4.3. Inside a MobilityFirst Image

4.3.1. Code Base

The image holds the prototype code base under /usr/local/mobilityfirst/code. It has the following top-level directories:

• click - Router elements implementing storage-aware routing, hop-by-hop reliable link-level data transport, and interface to GNRS service. This also has elements that implement Click-based sender and receiver applications.
• gnrsd - C++ implementation of a GNRS server, and an interactive GNRS client.

• client - C implementations of client API and stack that compile for Linux and Android platforms. Also has sample sender and receiver applications using the API
• eval

4.3.2. Binaries, Configuration Files

1. bin - compiled binaries go here
2. conf - config files from across sub projects, incl. click and gnrs configurations
3. scripts - e.g., to initialize Click execution
4. topology - definition files used within the MF router to enforce connectivity among nodes

Also installed on this image are the dependencies for the router, gnrs, and client components. A complete list of installed dependencies can be found in the README accompanying the code base.

4.3.3. Boot Script

The image also contains a boot script (/etc/init.d/mf-proto) that can be used to automate the update/compile functions. It updates the local codebase to the latest release from MF SVN, (TODO - auto updating is currently disabled, pending the creation of an anonymous account access to MF SVN), and then compiles and installs Click and other MF component binaries as described above. Excerpt below from the boot script shows the update and compilation of the click router:

...

MF_DIR=/usr/local/mobilityfirst
MF_CLICK_ELEMENTS_DIR=$MF_DIR/code/click/elements
CLICK_DIR=/usr/local/src/click

#update mobilityfirst prototype code base 
cd $MF_DIR/code

#auto-update disabled pending anonymous account
#svn update

#Compile user-level click after copying MF's click elements into click codebase
rsync -vt $MF_CLICK_ELEMENTS_DIR/gstar/* $CLICK_DIR/elements/local

cd $CLICK_DIR
./configure --disable-linuxmodule --enable-local
make elemlist
make install

...

The output of the boot script is appended to /var/log/mf-proto-boot.log.

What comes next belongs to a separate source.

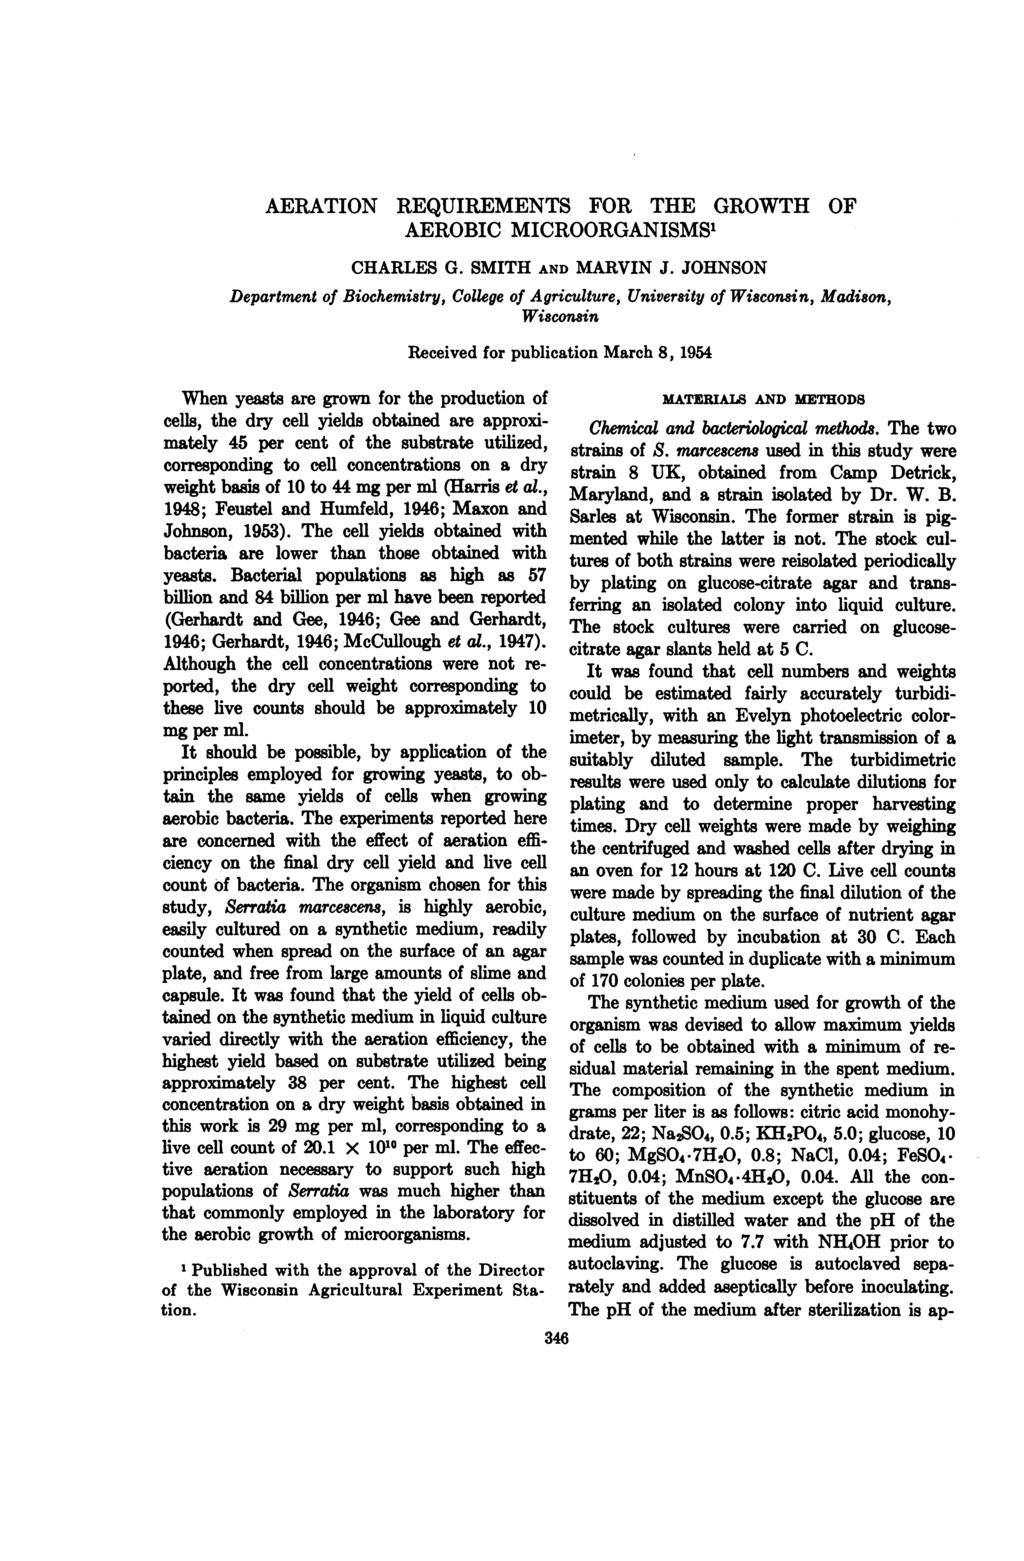 AERATION REQUIREMENTS FOR THE GROWTH OF AEROBIC MICROORGANISMS1 CHARLES G. SMITH AND MARVIN J.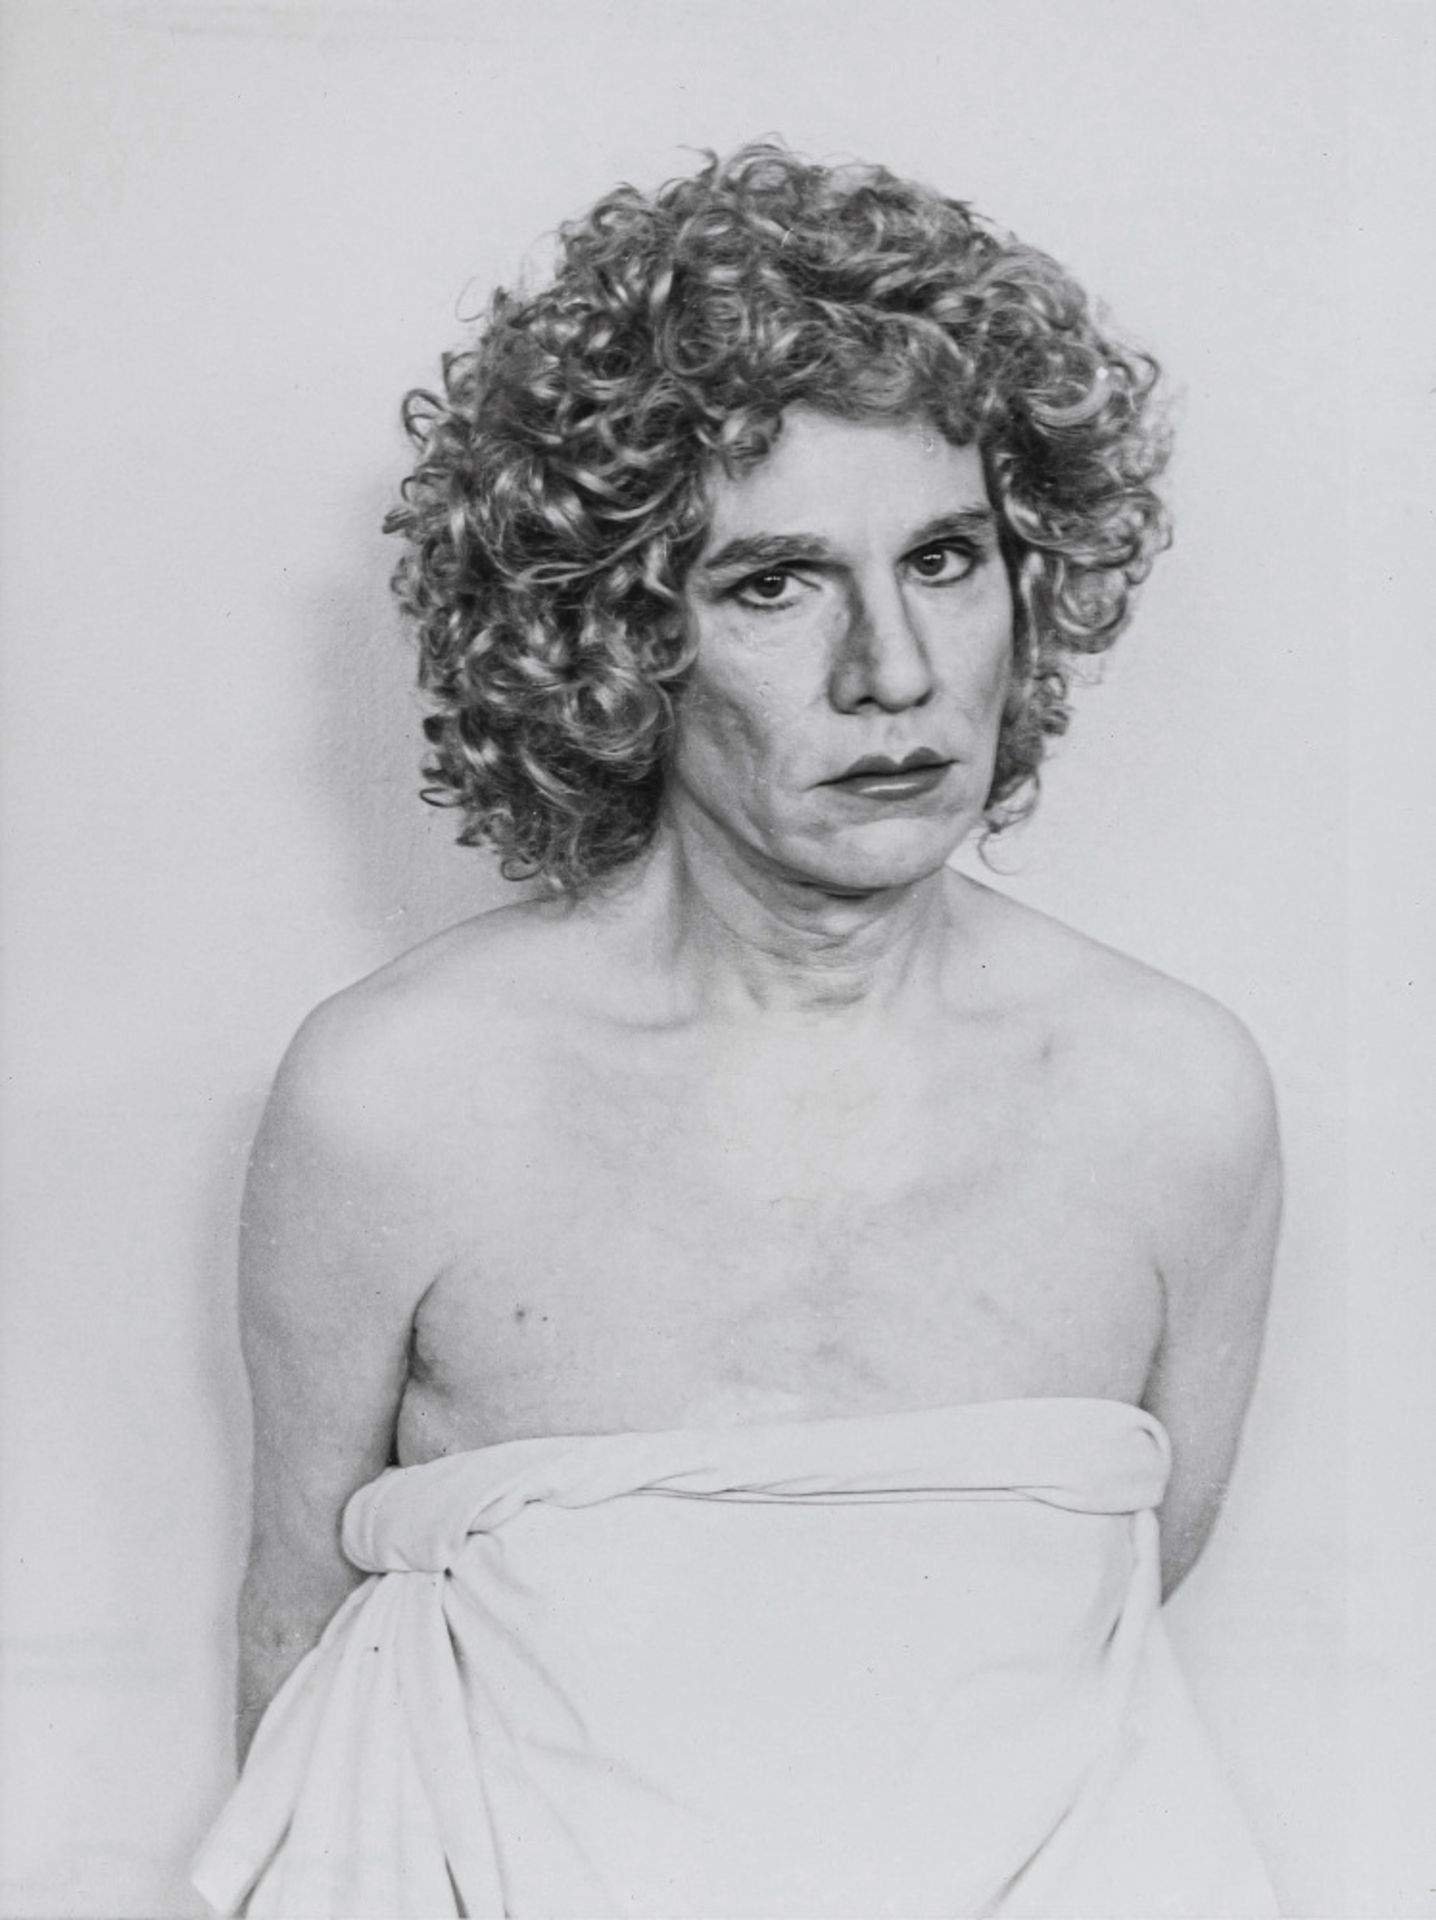 Christopher Makos - Andy Warhol with 6 different wigs from the Altered Images series. 1981/2001 - Image 4 of 7

4.4. Updating or Customizing an Existing MF Image

The installed MF source can be updated to a latest release either from the SVN or using a release tar ball. If updating to latest SVN version, you simply run the update command from under the /usr/local/mobilityfirst/code dir. If customizing to a particular MF version from SVN or using a newer tar ball, first delete contents under the code dir before installing. Similarly, one can also update 3rd party components like Click while creating an updated MF image.

For compiling an updated code base, we currently have a simple 'make' bash script (/usr/local/mobilityfirst/code/boot/mf-proto) that combines several steps. Usually, the compiled MF binaries are installed under /usr/local/mobilityfirst/bin. However, the 3rd party components we use are in various locations. For example the source for Click modular router is under /usr/local/src/click, and it's compiled binary ends up under /usr/local/bin. Therefore, before building the Click-based router, the MF-Click elements that implement the protocol stack are to be installed under Click's designated source dir (/usr/local/src/click/elements/local to be specific). So, the bash compilation script does all such steps for the router, gnrs, host protocol stack and network API library components, placing the compiled binaries in proper locations.

Once the source has been updated, the following compiles and installs binaries. Alternately, one can also update just individual components and run the local make and copy binaries to proper locations.

> /usr/local/mobilityfirst/code/boot/mf-proto #compilation script

Once ready with all upgrades and want to create a new MF image, you have to run an ORBIT 'prepare' script to among other things ensures the package manager caches are cleaned, and interfaces are configured appropriately when creating a general disk image that can be booted on a variety of hardware nodes.

> cd /root

> ./prepare.sh #common ORBIT script to prepare file systems for creating an image

The prepare.sh script above will also log you out and turn the node off, following which you can save the newly created image by using the OMF save command:

> omf-5.X save [1,1] 

The resulting image can be found at repository1:/export/omf/omf-5.X/ and can be used to image nodes for subsequent experiments.

4.5. Configuring and Running MobilityFirst Experiments

While custom scripting can be used to execute an experiment, OMF has all necessary functionality to reliably configure and repeat experiments on the ORBIT testbed. Both the configuration details (what nodes run what applications with what parameters) and the experiment execution control (when to run what) can be specified within a ruby script using omf syntax. Refer to ​OMF User Guide to get familiar with writing OMF scripts. In the next section, we present several sample scripts to get you started with MF network experimentation.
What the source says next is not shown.